Before being subjected to further analyses, erroneous reaction times were removed. Erroneous reaction times either indicated that the voice key recorded a sound before the stimulus word was read, or that the voice key did not detect the pronunciation. With these largest deviations removed, reaction times larger and smaller than 2* the remaining SD from the mean were deleted. This was necessary to eliminate inherent biases in the applied time series analyses (see Holden, 2005). Then, the time series were normalized and linearly detrended. Zeros were appended to the normalized time series if a length of 512 data points required for the fractal analyses was not reached (cf. Van Orden et al., 2003). For time series longer than 512 data points, the first data points in those series were removed until 512 trials remained.

Spectral analysis

Spectral analysis transforms data series from the time domain (e.g., milliseconds) into a frequency domain, through a fast-Fourier transformation. The procedure finds the best-fitting sum of harmonic sine and cosine waves in a data signal, and renders their power (amplitude2) at each fitted frequency on log-log scales. The total number of estimated frequencies in the fast-Fourier transform was 256. The statistic of interest is the slope of the spectral portrait, which captures the relation between amplitudes and frequencies of variation in the data signal. Here, we fitted the spectral slope over the 25 % of lowest frequencies (cf. Eke, Hermán, Kocsis, & Kozak, 2002). As shown in Fig. 1, a zero slope indicates a random signal, and a slope of −1 indicates 1/f scaling.

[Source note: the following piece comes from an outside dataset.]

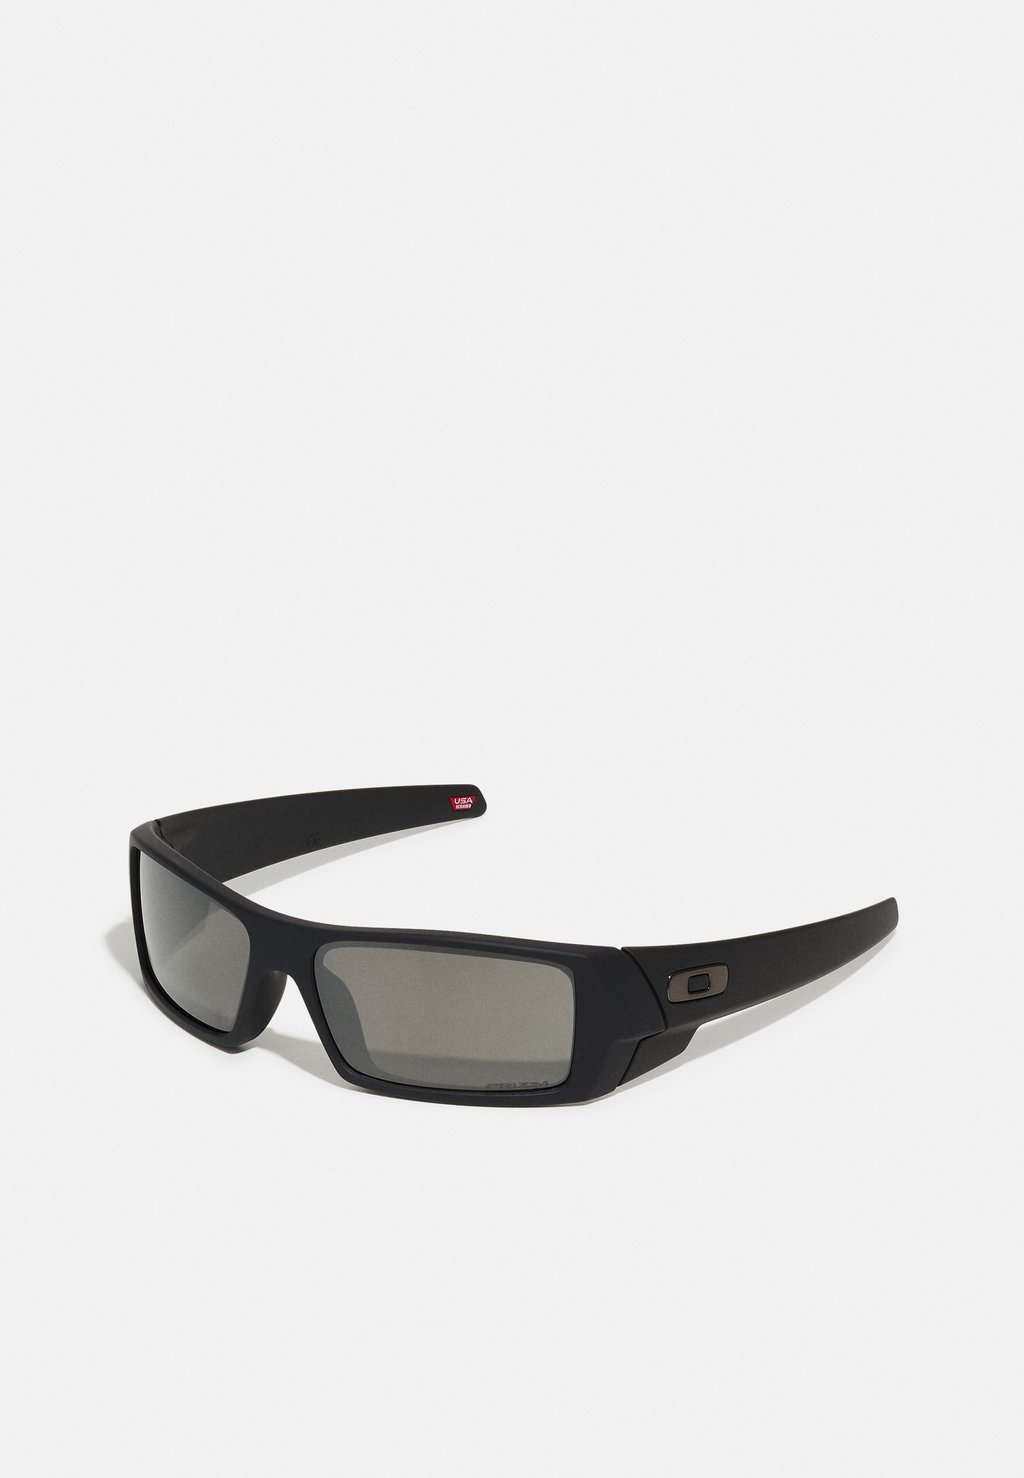 Солнцезащитные очки Gascan Unisex Oakley, цвет matte black

Standardized dispersion analysis

Standardized dispersion analysis (SDA) investigates the scaling of variability with changes in sample size. That is, variability is measured using the standard deviation (using the population formula, i.e., using N, the number of data points, in the calculation, rather than the usual bias corrected N – 1) of means of progressively larger adjacent samples in a time series. That is, the analysis tracks how dispersion in sample means decreases as progressively larger samples of adjacent data points (bins) are aggregated together in a sample mean. As a first step, the standard deviation is computed for the original data series, which contains 512 data points. The second step involves calculating the standard deviation of the 256 means (bins) of each two consecutive measurements (bin size), and so on. We iterated this procedure until only 16 bins were remaining, each of which represents the mean of 16 adjacent samples in the original time series.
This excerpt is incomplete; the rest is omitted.